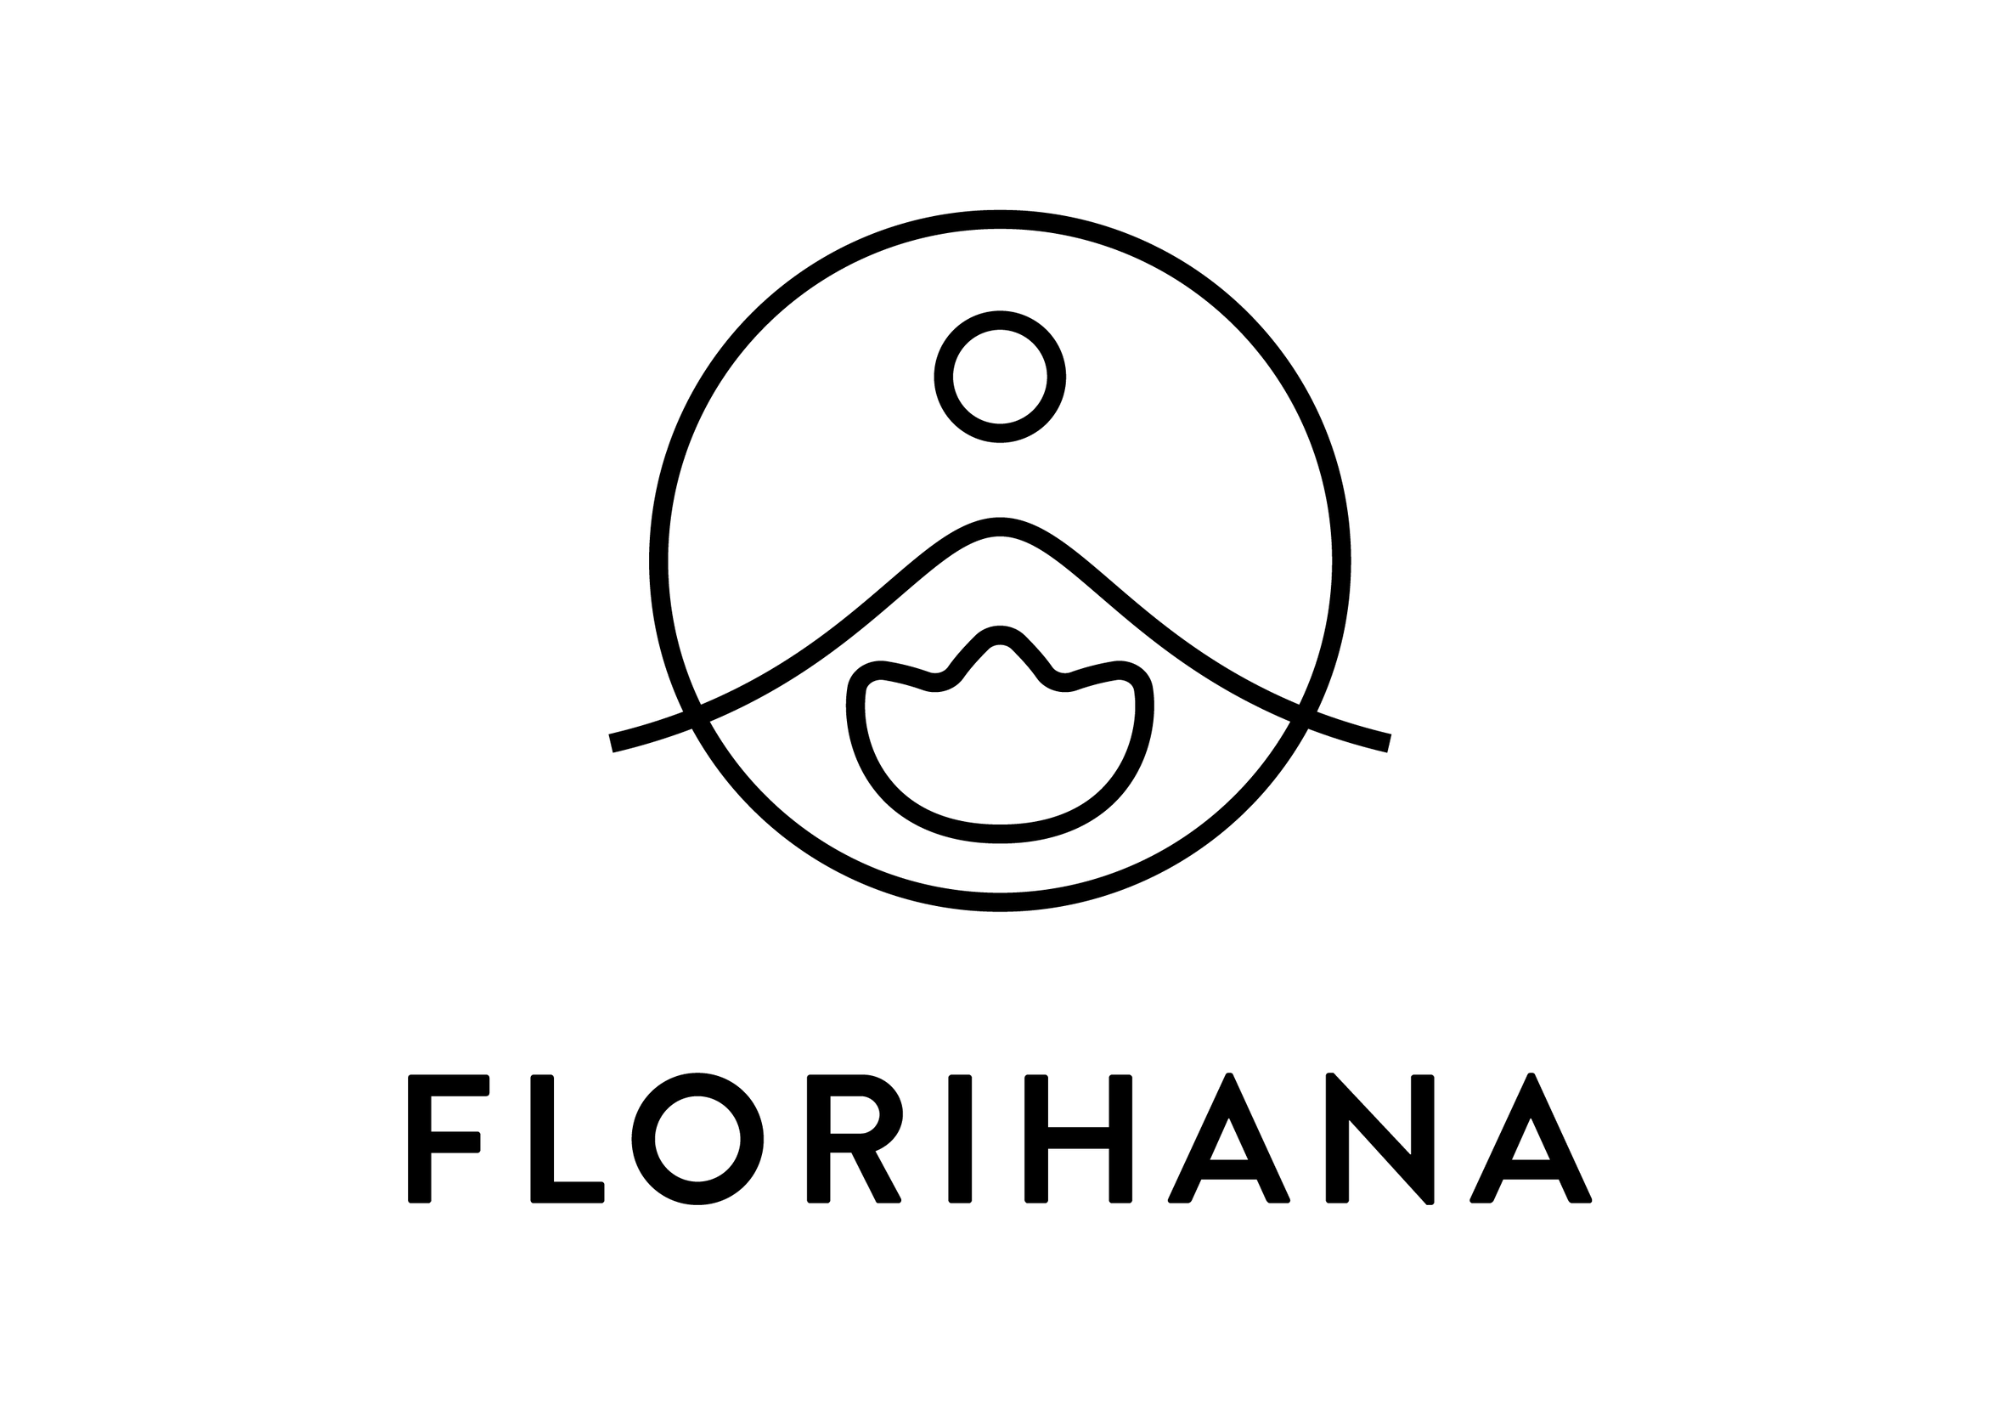 Florihana logo
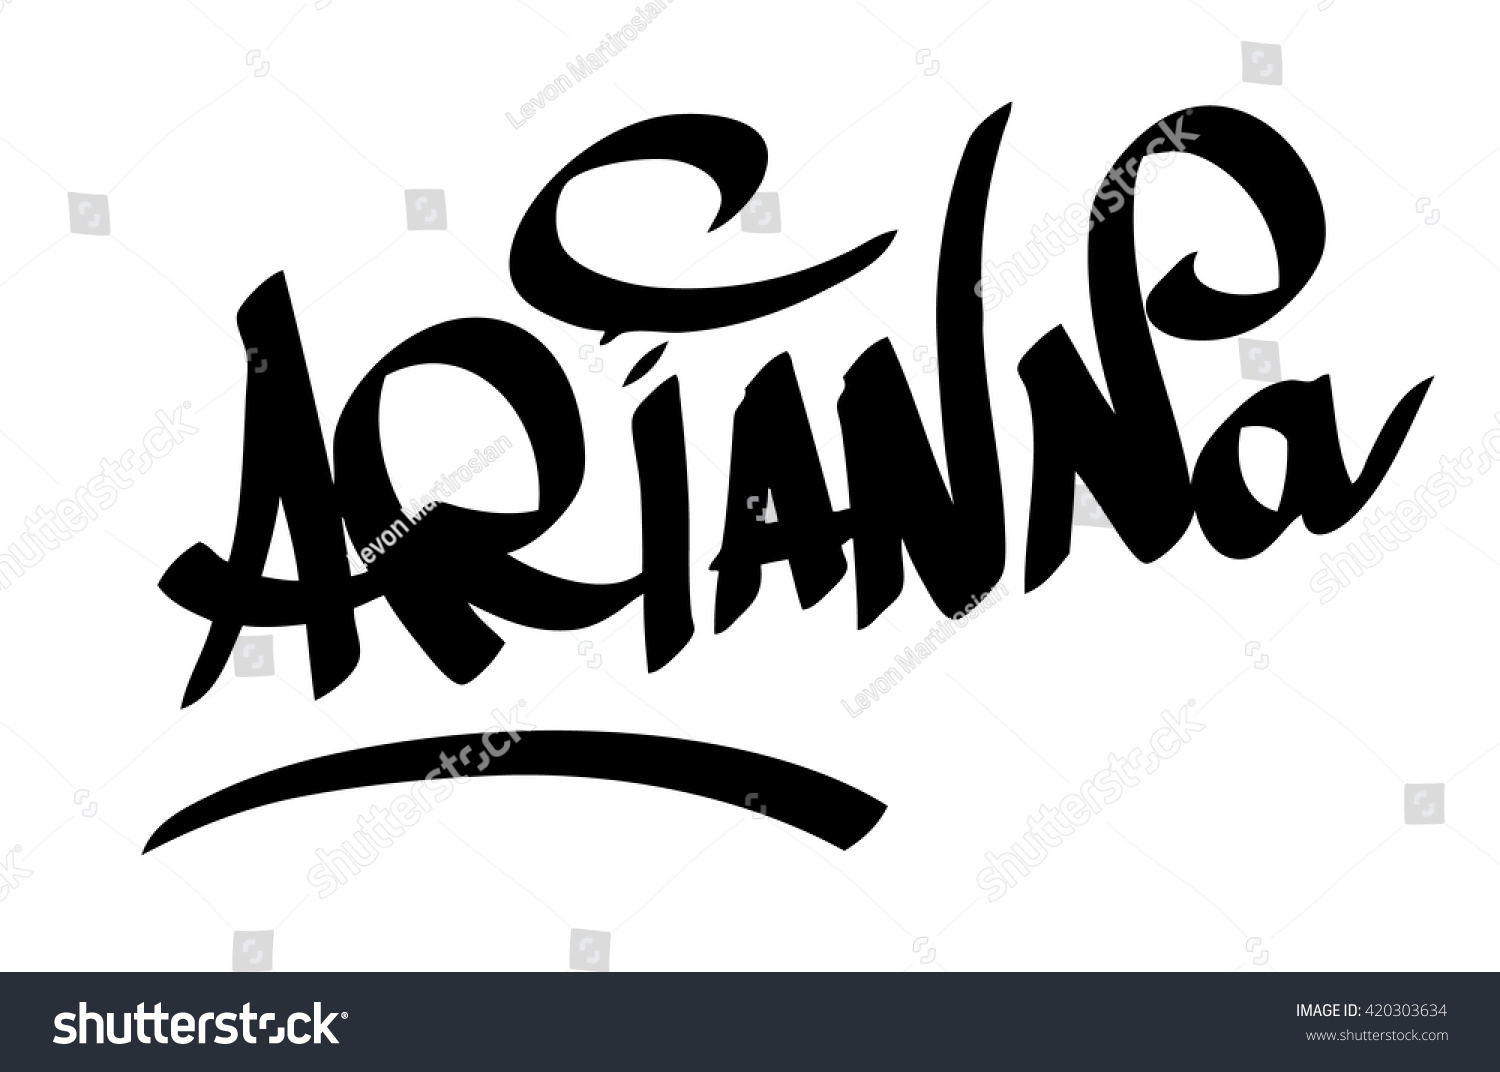 Arianna Female Name Street Art Design Stock Vector 420303634 ...
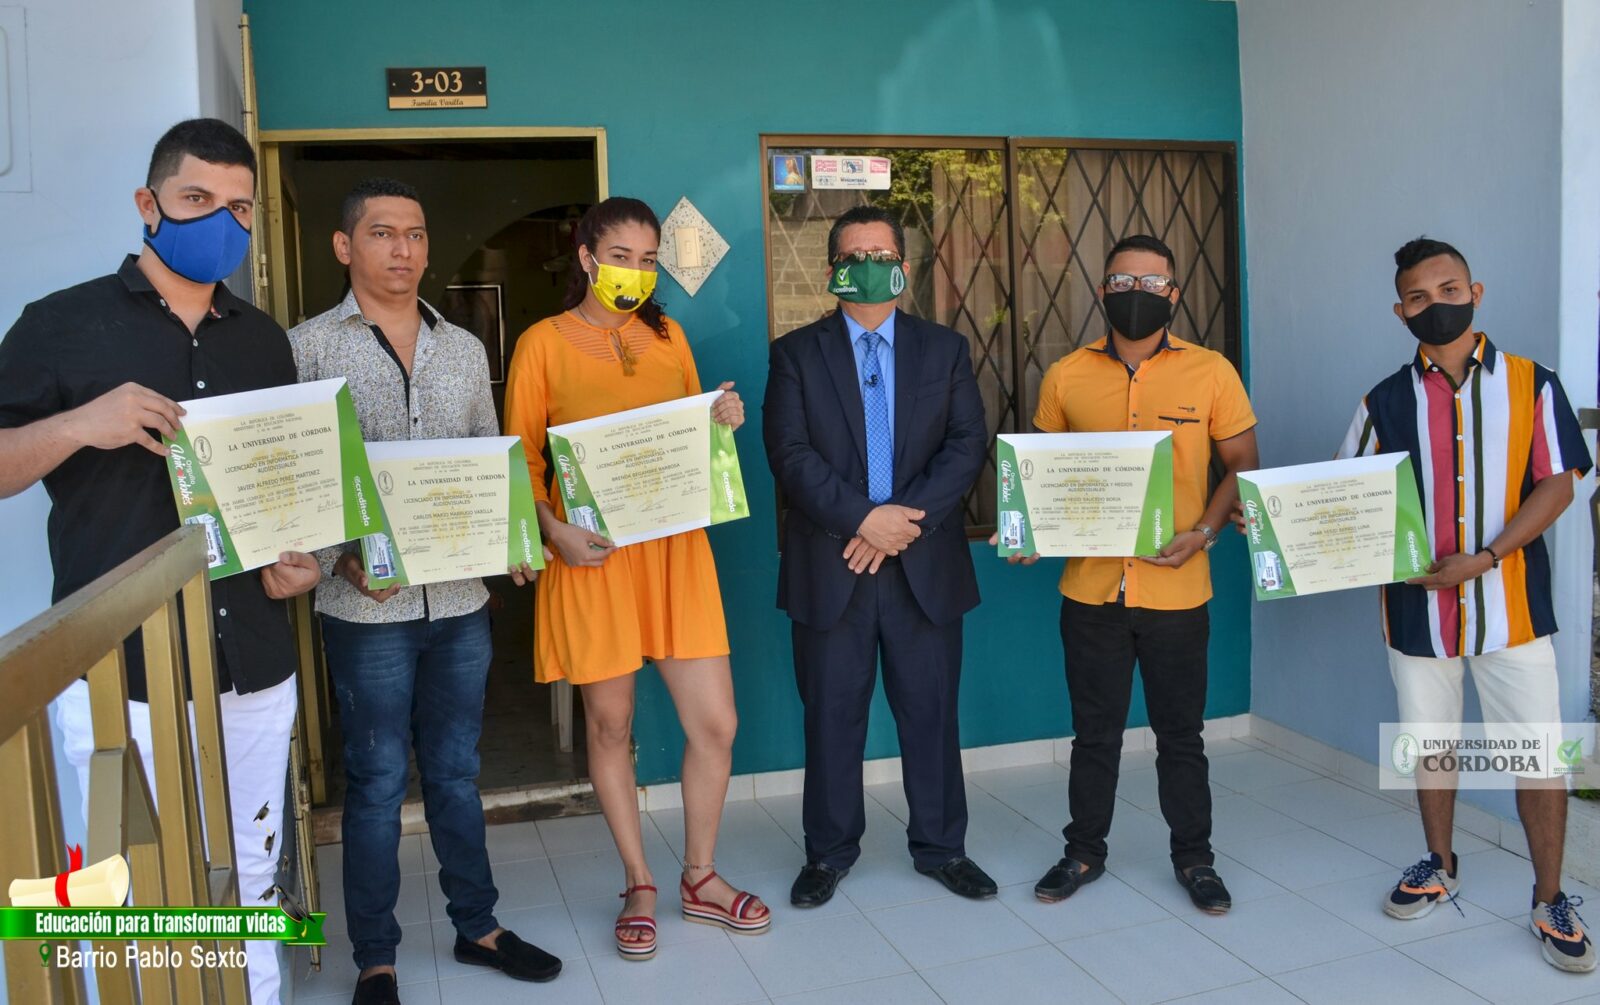  Diplomas a domicilio, UniCórdoba lleva el documento a la puerta de las casas de los recién graduados
___
This task calls for an exact copy of the data above, without pictures.

 Florihana logo
 Arianna Female Name Street Art Design Stock Vector 420303634 ...
  Diplomas a domicilio, UniCórdoba lleva el documento a la puerta de las casas de los recién graduados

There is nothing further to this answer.